By ActiveMumma*

After having lived in Scandinavia for the last few years, I had come to take for granted that child-care was free. Yes, you heard me. FREE. Oh, sorry, technically you pay 200 bucks a month for childcare– yes, that’s right – *a month* (not much more than you would pay for a *day* of child-care in Australia). But, the government also gives everyone 200 dollars a month in child welfare payments, regardless of income, so you end up being zero bucks outta pocket. Now, let’s compare that to Australia. Here, you would pay around 160 dollars a day in child-care fees for a child under 18 months of age (in Sydney, at least). If you work 5 days a week, that’s going to cost you around 34 K a year (after the 7,500 dollar rebate). Add to this the fact that women earn less than men and you get what’s called a structural barrier: women are going to be less inclined to work full-time because it’s simply not financially worth it.

Bear with me as I take you through the basic mathematics of if. Let’s pretend I earn 70K a year (the average female salary in Australia). Let’s pretend I am married to a man who earns 80K a year (which is the average male salary in Australia) and we have one child who is 12 months old, and about to start day-care (please excuse the stereotypical heteronormative example).

If I work 3 days a week, I get around 36K per annum after tax, which means I get to take home around 700 bucks a week. I have to put my kid in child-care 3 days a week, which costs me 17K a year. So after tax, and after I have paid for my child-care, I take home 19K a year, or 365 dollars a week.

If work 5 days a week, I get around 54K per annum after tax, which means I get to take home around 1030 bucks a week. I have to put my kid in child-care 5 days a week, which costs me 34K a year. So after tax, and after I have paid for my child-care, I take home 20K a year, or 385 dollars a week.

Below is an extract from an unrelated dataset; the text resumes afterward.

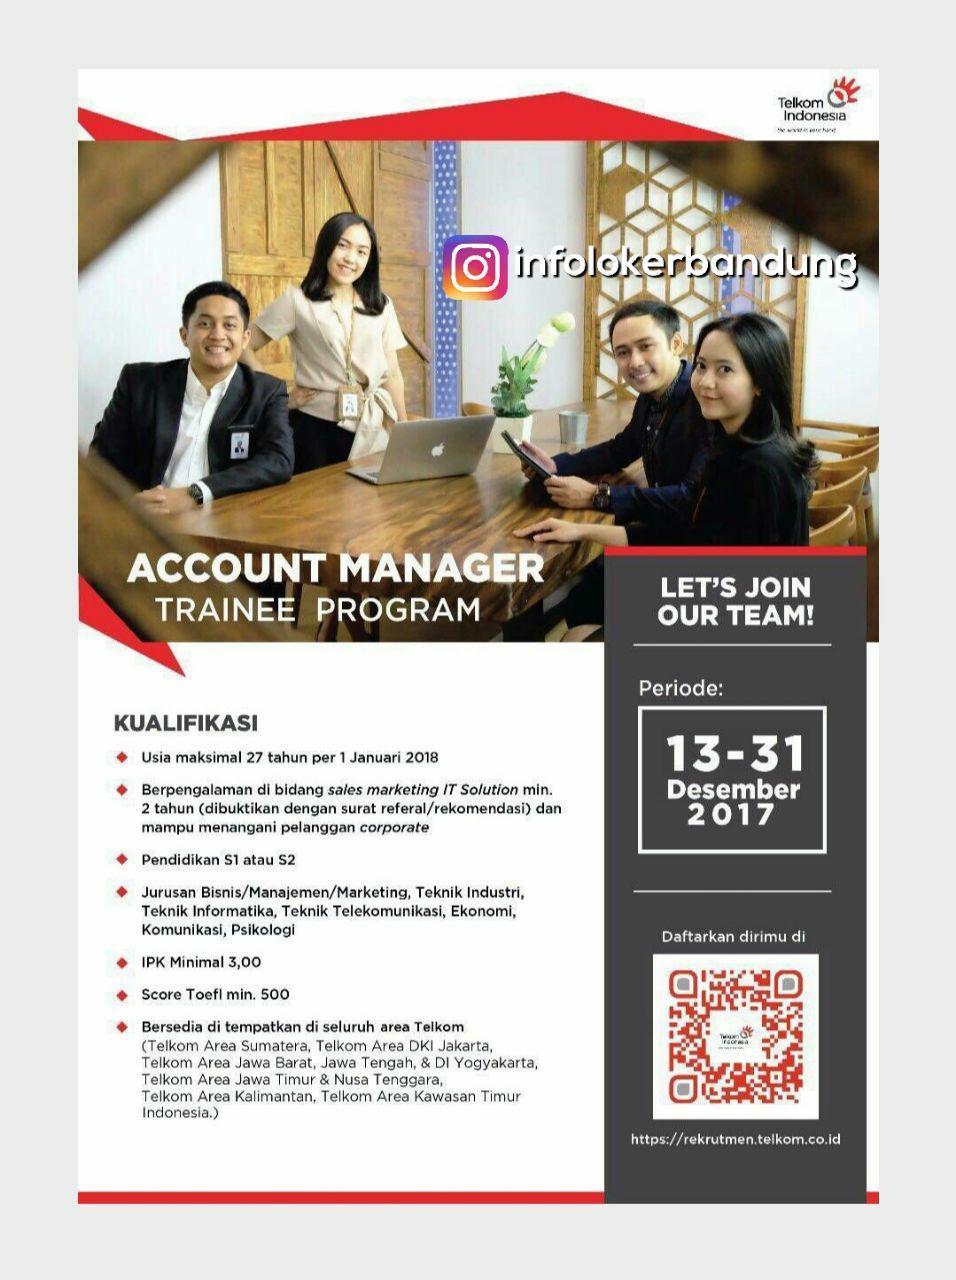 Lowongan Kerja PT. Telkom Indonesia Desember 2017

What do I do? Hmmm. If I work 3 days I earn 365 dollars, and if I work 5 days I earn 385 dollars. Do I work those extra two days a week for a total increased take-home income of 20 dollars (which, works out at 1.25 dollars an hour)? Probably not. Sure, there are other benefits to working 5 days a week: career progression, opportunities for promotion, or the fact that you might prefer being at work to being at home, and would gladly do the former for free if it meant getting out of the house. But research shows that I’m probably not likely to do that. In all likelihood, I will choose to work 3 days a week and stay at home those other two days a week with my child, for both financial reasons, and other family reasons. And statistically it is overwhelmingly mum who drops back her work, and not dad (although, there wonderful exceptions to this trend!), for financial reasons, as well as due to social and cultural norms.

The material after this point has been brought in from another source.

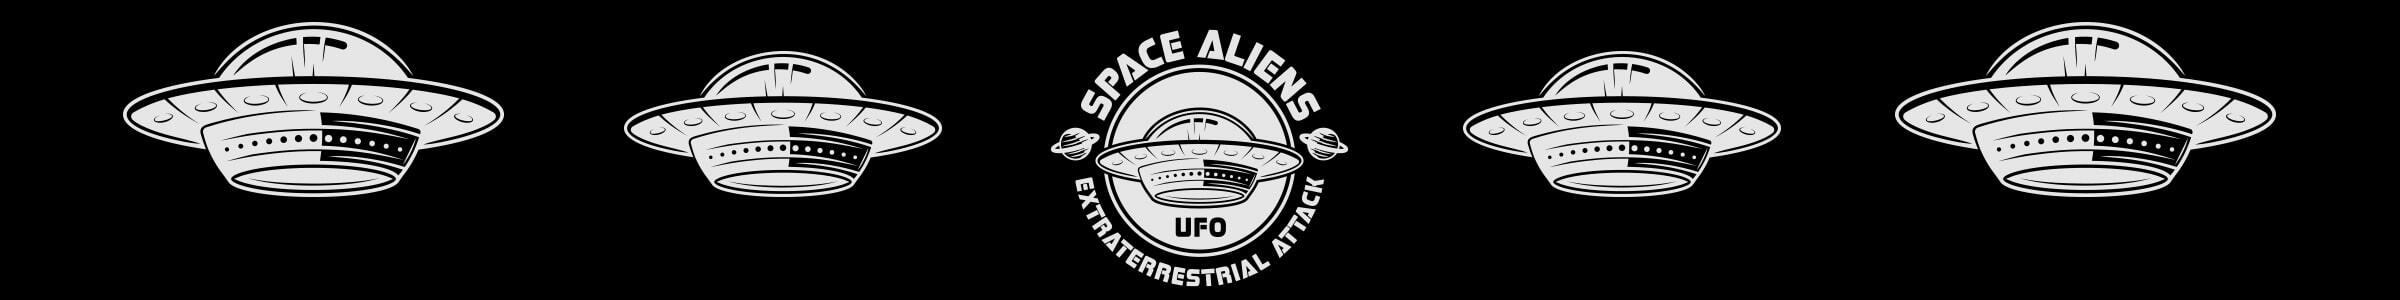 Alien_2400x300

Why should the costs of child-care be a factor in how, if and when I choose to go back to work? It shouldn’t. Debates in Australia that focus on levels of child-care rebates and new means-testing for rebates miss the point entirely: child-care should simply be free. Granted, even if child-care were free, some women may not want to work full-time. They may want to stay home full-time or only work part-time. But that’s not really the issue, is it? The problem is that child-care costs mean that women aren’t given any real opportunity to choose.

*ActiveMumma is a pseudonym for an otherwise ordinary person who has daily existential struggles with the responsibilities of parenthood and who has the occasional overwhelming urge to run away (with a good book, or at the very least the latest season of KUWTK) and never return. But, of course, she loves her adorable and perfect little angels way too much to ever abandon them, at least on any long-term basis.